The pull-up provider inside the chip can be a resistor, but in fact it is often a more complex circuit, usually a constant current circuit composed of several tubes. This is because in the chip manufacturing process, the resistor takes up a larger area (possibly several times larger) than the tube, so it is cost-effective to use several tubes to form a constant current circuit to replace the resistor in terms of occupied area. The so-called [FAULT internal pullup current] is the output current of this constant current circuit when the pin is short-circuited to the ground. If the pin is used as the input end of the chip and is suspended, the constant current circuit will of course have no output current. But when the pin is used as the input end and an external signal is input to the pin, when the external input is low, the constant current circuit will output current (the size is the value marked in the manual) through the pin and the signal source to the ground.

小太阳yy

maychang published on 2023-5-16 08:03 The pull-up provider inside the chip can be a resistor, but in fact it is often a more complex circuit, usually a constant current circuit composed of several tubes...
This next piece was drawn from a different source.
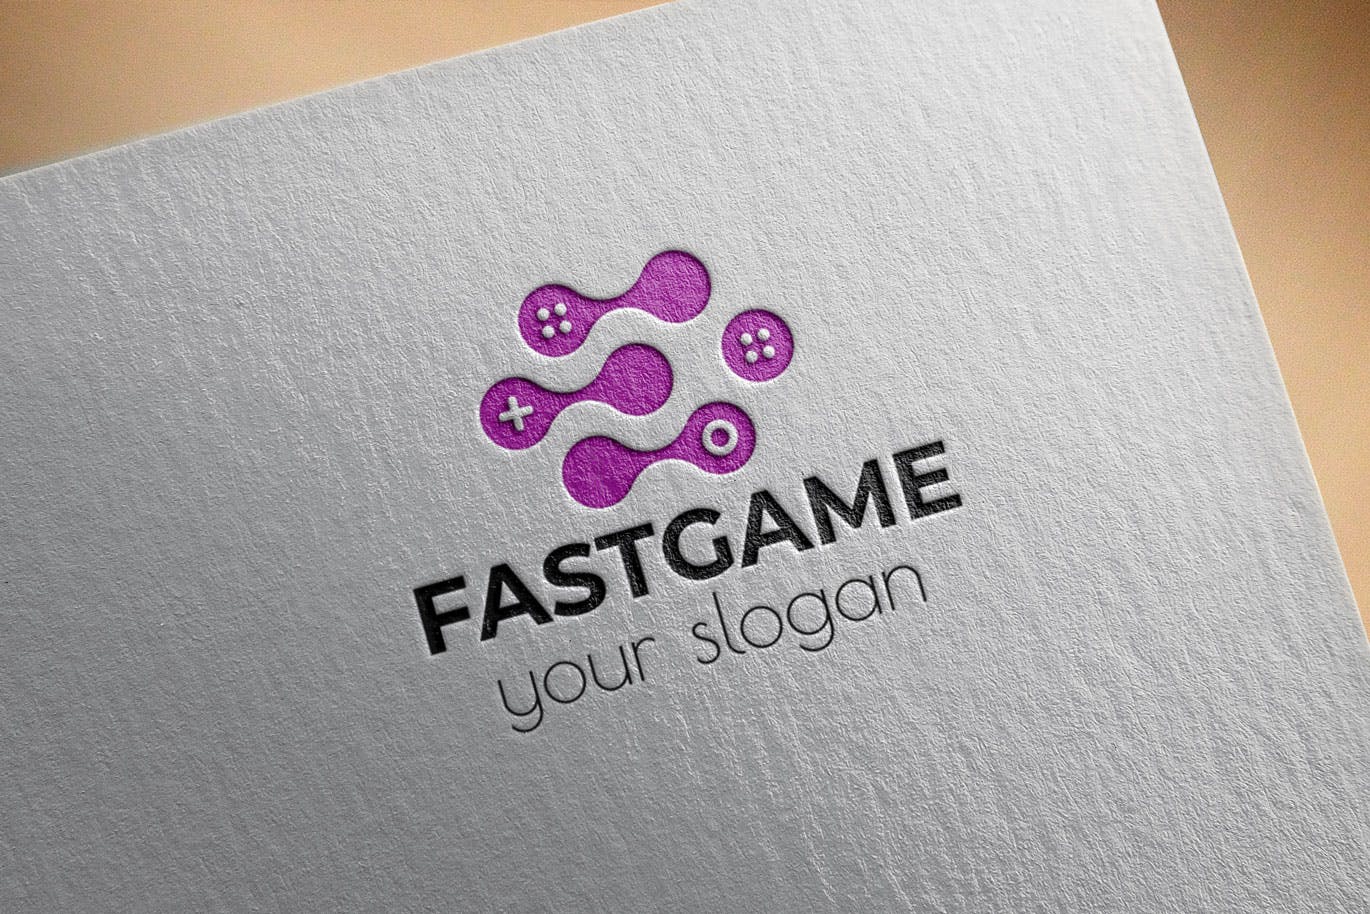 游戏加速器Logo设计第一素材精选模板 Fast Game Business Logo Template插图(2)

Teacher, let me talk about the fault pin of this chip. This pin can be used as both input and output. When this pin is used as output, when the chip detects a fault, it will pull down the pin by 750 microamperes. When the device fault is restored, it will pull up the pin by 8 microamperes. Then he said that the actual output voltage is determined by the external circuit. I don’t quite understand the last sentence. How is the actual output voltage determined by the external circuit? Indeed, in the manual below, when used as an output, external pull-ups and pull-downs are added to obtain low-level and high-level output voltages of 0.7 and 2v. When the output is low, an external pull-up of 500 microamperes is used, and when the output is high, an external pull-down of 1 microampere is used. Why do we need to add this test condition? How is the external circuit configured for this condition? I don’t understand

maychang

Xiao Taiyangyy posted on 2023-5-16 08:49 Teacher, let me talk about the fault pin of this chip. This pin can be used as both input and output. When this pin is used as output, to the chip...
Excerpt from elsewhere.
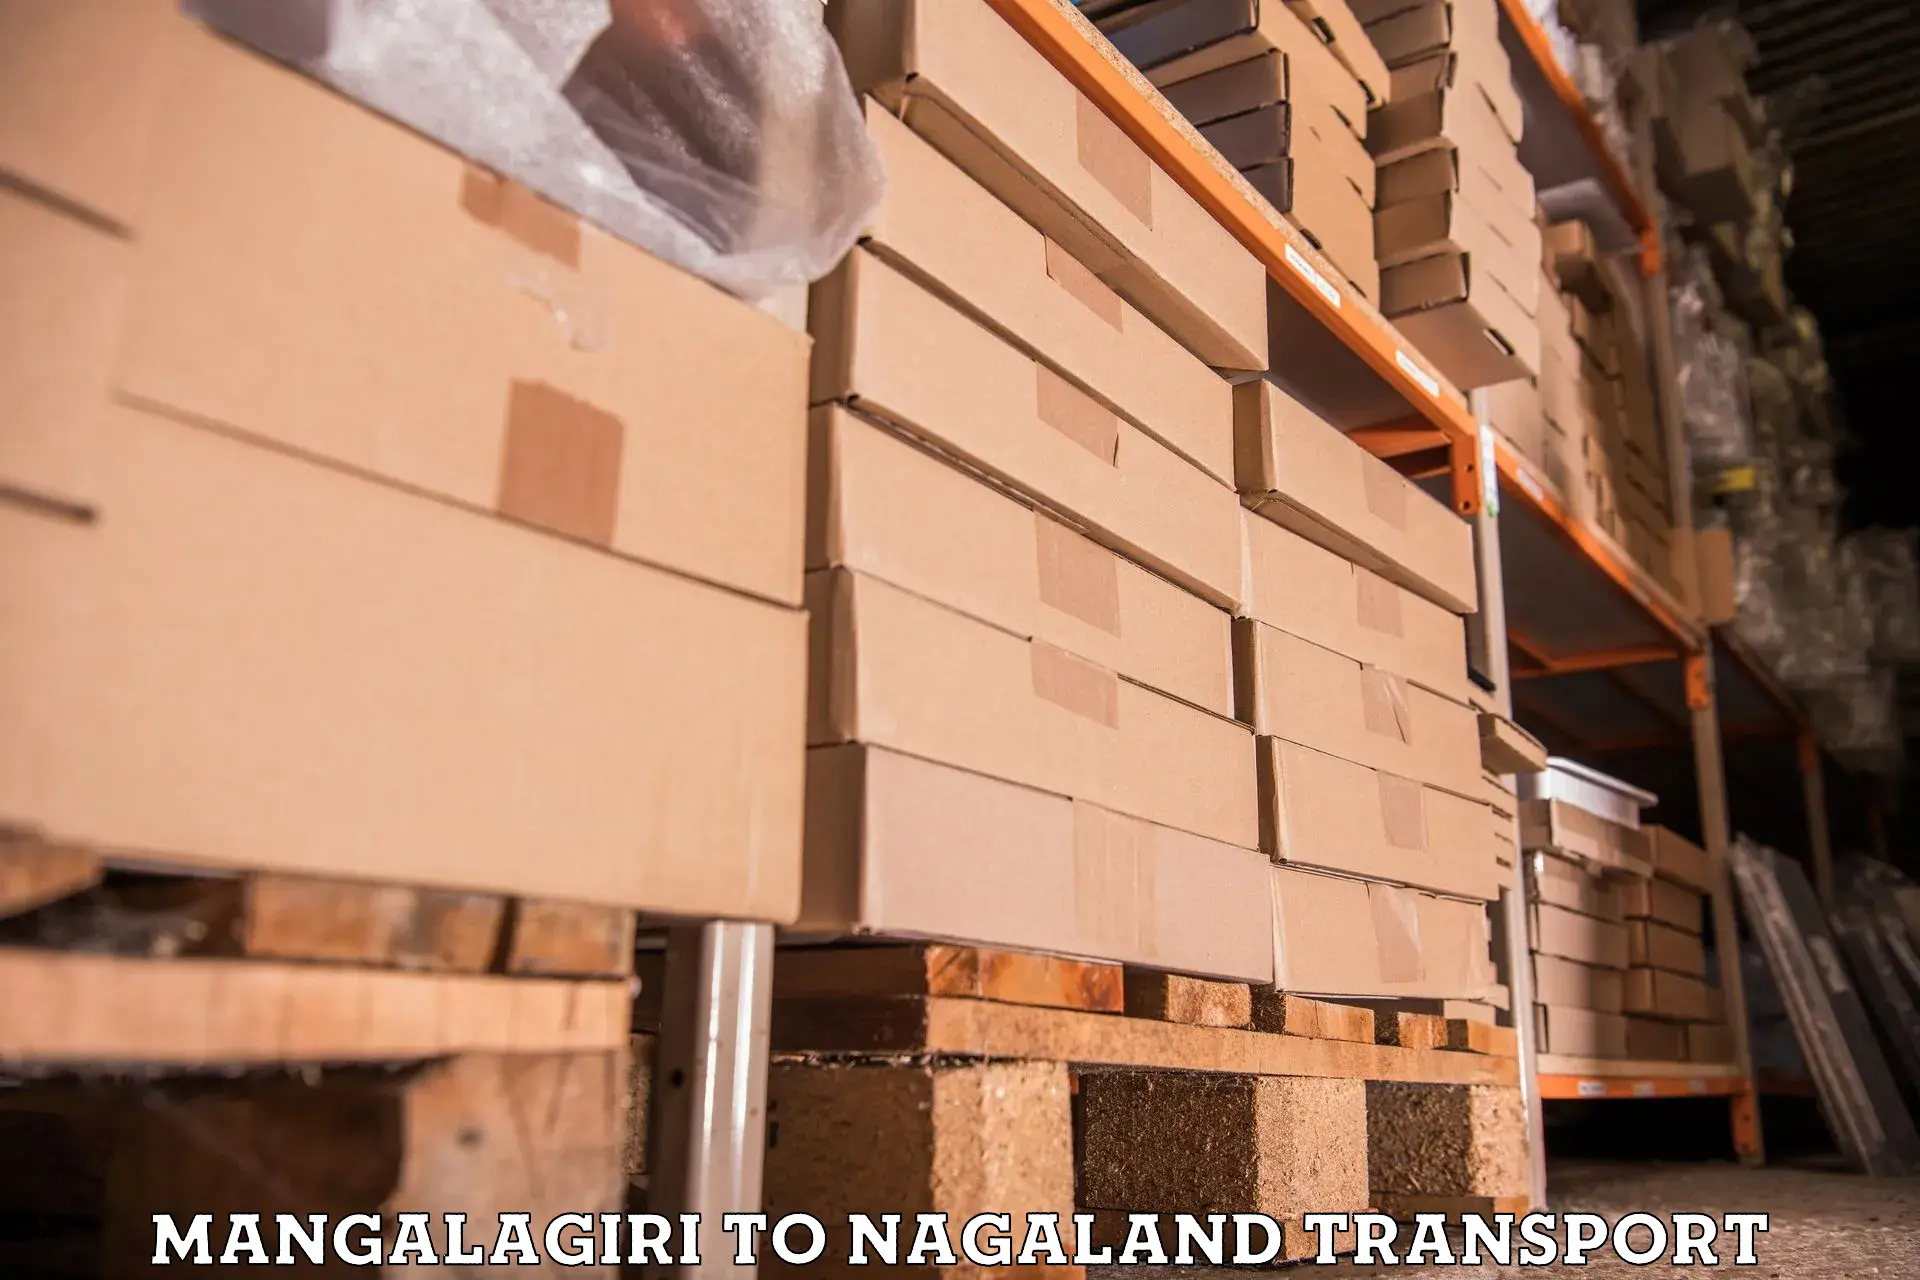 Furniture transport service Mangalagiri to Wokha

As an output, the OD gate usually does not need an external pull-up or an external pull-down. As long as the load input resistance is large enough, it can output a high level or a low level. Unless the load input resistance is not large enough, then it is necessary to add an external pull-up, as shown in the second picture on the 14th floor, add a 10 kilo-ohm resistor between the pin and the positive power supply. The pull-up current provided by this resistor when the pin is short-circuited to the ground is indeed 5/10=0.5 (mA). As for [when outputting a high level, an external 1 microampere external pull-down is used], it is not shown in the picture, and I don't know.

小太阳yy

maychang published on 2023-5-16 09:01 OD gate as output, usually do not need to add external pull-up or external pull-down, as long as the load input resistance is large enough, it can output high level or low level...

The internal circuit is probably like this. I don't understand why the pull-down current is larger than the pull-up current. The pull-up current is 5 microamperes. If the MOS tube is turned on, the current should be smaller than 5 microamperes. Why is it 500 microamperes?

maychang

小太阳yy posted on 2023-5-16 13:13 The internal circuit is probably like this. I don’t understand why the pull-down current is larger than the pull-up current. The pull-up current is 5 microamperes. If the MOS tube is turned on...
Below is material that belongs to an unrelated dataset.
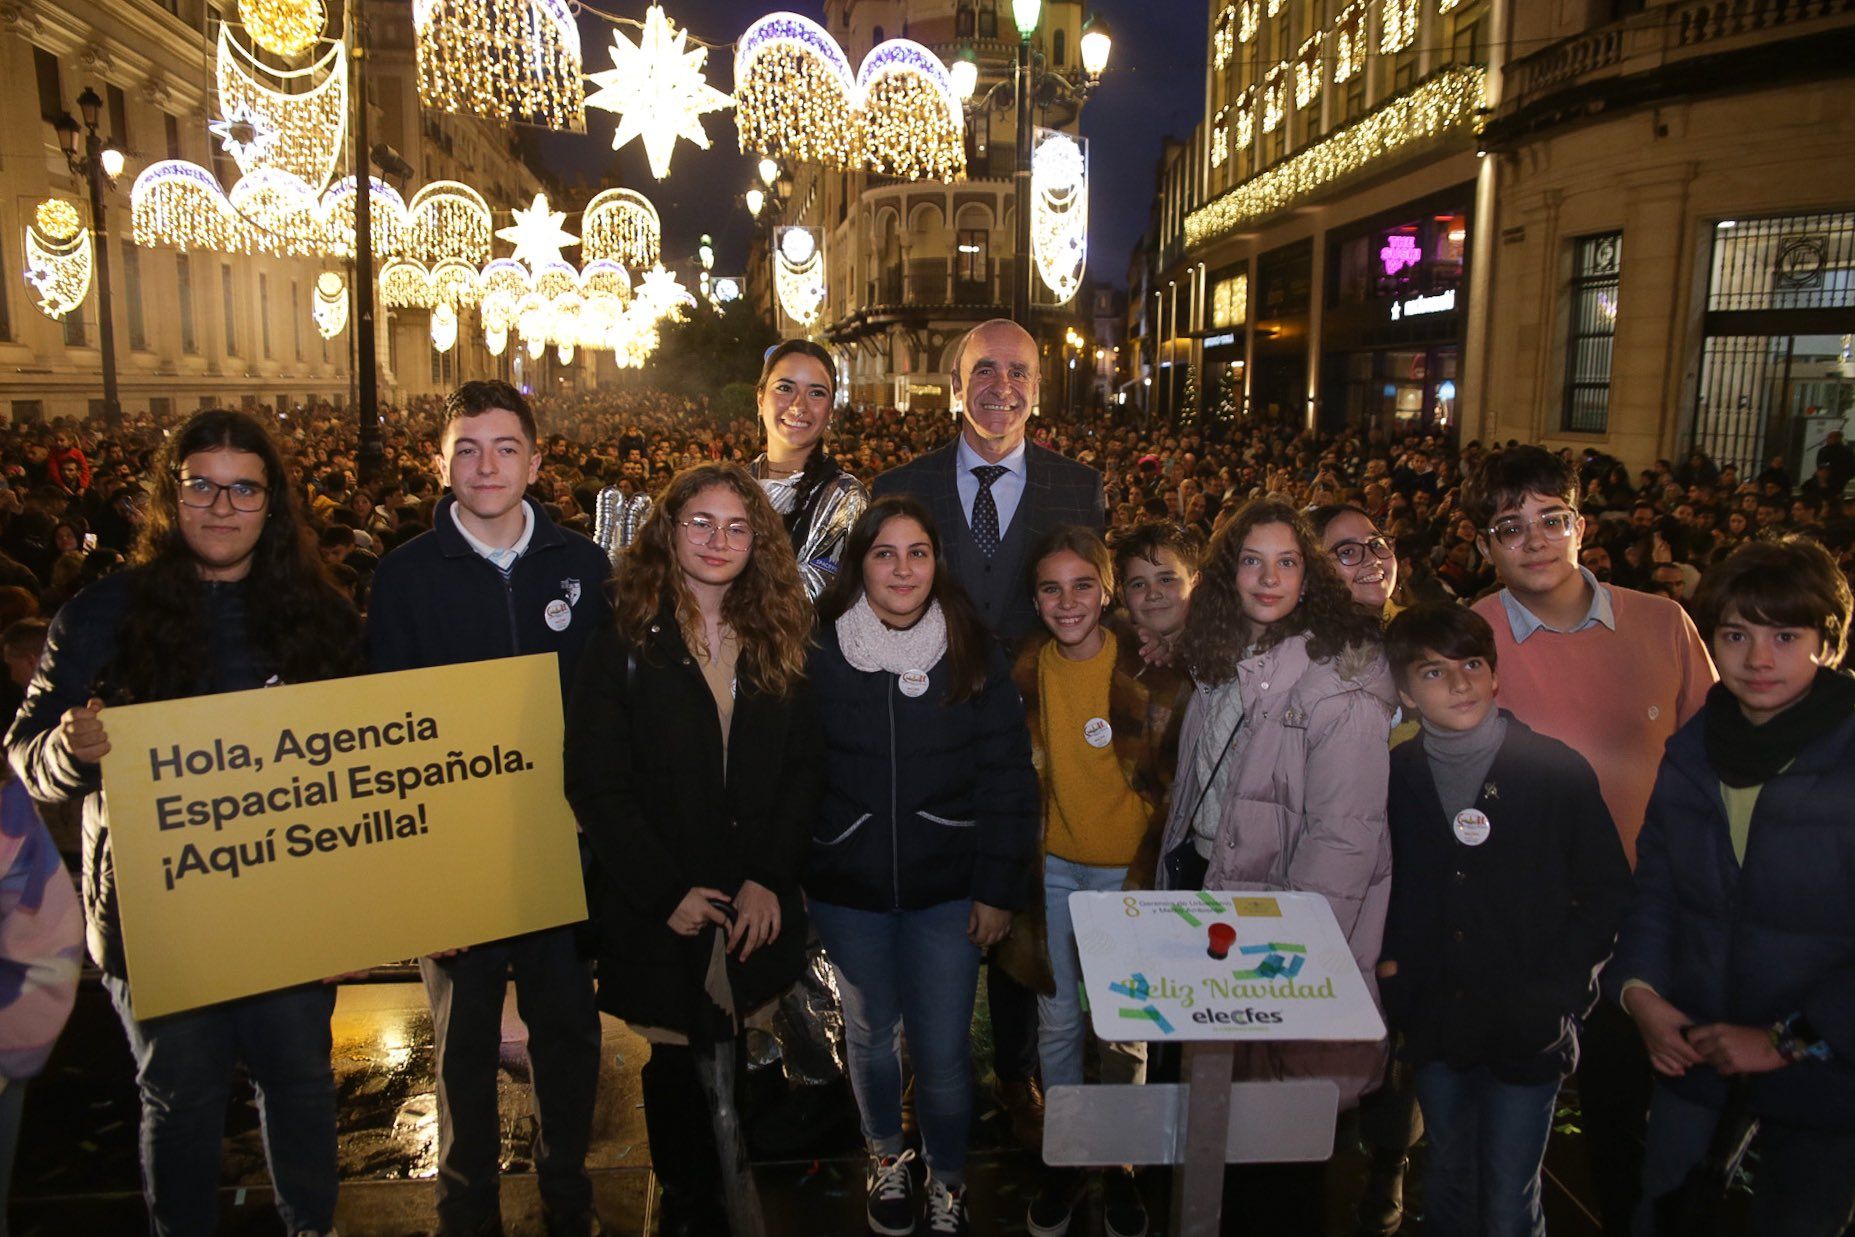 Momento de la inauguración del alumbrado navideño en Sevilla, con el alcalde en el centro de la imagen.

[The pull-up current is 5 microamperes. If the MOSFET is turned on, the current should be smaller than 5 microamperes. Why is it 500 microamperes?]

When the MOS tube is turned on, it can be regarded as a wire connecting the drain and source of the MOS tube together.

When the MOS tube is not turned on, it can be regarded as an open circuit. At this time, the 0.5mA current source has no effect (no current), and the pin can output 5uA current (flow out), so the pull-up current is 5uA.

After the MOS tube is turned on, the pin can absorb 0.5mA current (flow in), and the pull-down current is 0.5mA.